It a good time to recall the key facts in this cybersecurity 2017 retrospective.
2017 is the year that we became aware of this. A collective acknowledgment which has demonstrated to us that a cyber-attack can now stop a company’s production tools, whatever their size or their location in the world.
The “shadow brokers” distributed a second batch of computer programs taken from the NSA on April 14, 2017.
This act was significant in the IT and cyber security world.
For the first time, sophisticated operating tools for Windows operating systems are no longer the exclusive prerogative of a country.
The technological barrier was stormed, allowing any hacker group to launch a large-scale cyber-attack.
It was only a few weeks later that WannaCry appeared, which was developed using two vulnerabilities found at the NSA, called “eternal blue” and “double pulsar.”

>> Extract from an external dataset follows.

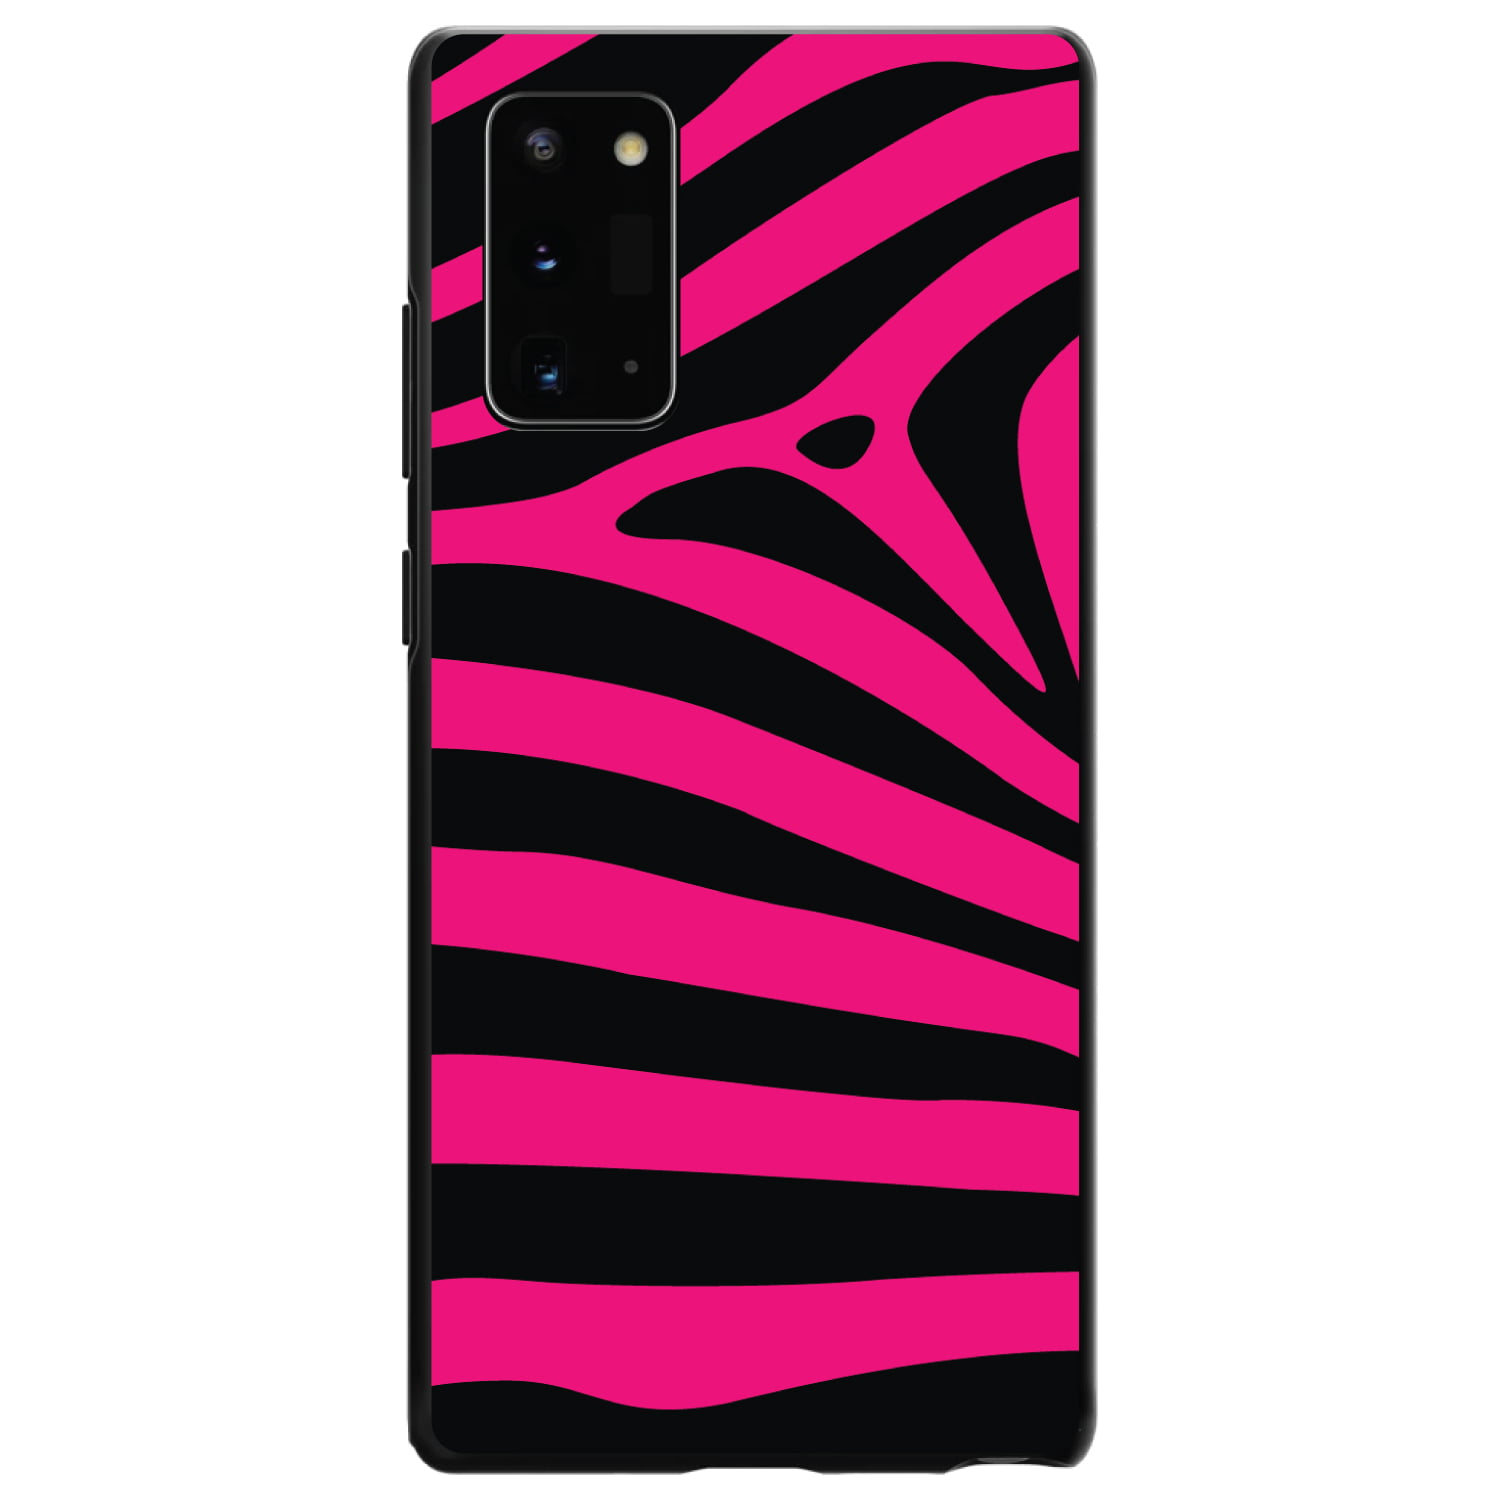 DistinctInk Case for Samsung Galaxy Note 20 ULTRA (6.9" Screen) - Custom Ultra Slim Thin Hard Black Plastic Cover - Black Hot Pink Zebra Skin Stripes

As you saw last may in our dedicated article, the Vade filter stopped 633,920 emails containing Jaff ransomware in 48 hours.
Distributed by the Necurs botnet, this malware, which was very similar in design to Locky ransomware, targeted many companies within a very short period.
Using a 0-day fault from the Microsoft Office suite, this malware was able to download a malicious program when opening an attachment.
Microsoft took several days to publish a corrective action, leaving users who had no filtering solution with unprotected emails.
Find our contribution to this subject on the broadcast by Tech & Co. on BFM Business (video).
Due to WannaCry, companies including FedEx in the US, Renault and Saint Gobain in France, were required to stop their production for several days.
Using faults which had not been known, WannaCry affected thousands of companies in more than 150 countries, infecting 300,000 machines using the Windows operating system.
This ransomware was covered so often by traditional media that the term “ransomware” became a trending search for several weeks on Google.
According to recent estimates, WannaCry had a financial impact estimated at between 900 million and 1.5 billion dollars around the world.
Even though WannaCry, Jaff, Locky and Bad Rabbit made a lot of noise in 2017, the cumulative volume of these different ransomwares is a drop in the bucket compared to the volume of malware stopped every day.
As shown in this graph, the volume of malware sent by email significantly increased in 2017, doubling from August to November 2017.
The Vade filter detected and stopped 46 million emails containing malware.
In 2017, email remained the prime target for cyber attackers.
It is estimated that cyber attackers used email 91% of the time as their distribution medium.
2017 saw a record year in terms of the volume of corporate data leaked to the Internet.
These data leaks promote more sophisticated spear phishing attacks.
In addition, with the application of the general rules for data protection (RGPD) in May 2018, companies must integrate data protection in each of their services offered.
This level of data protection includes securing employees against phishing and spear phishing attacks to avoid involuntary leaks.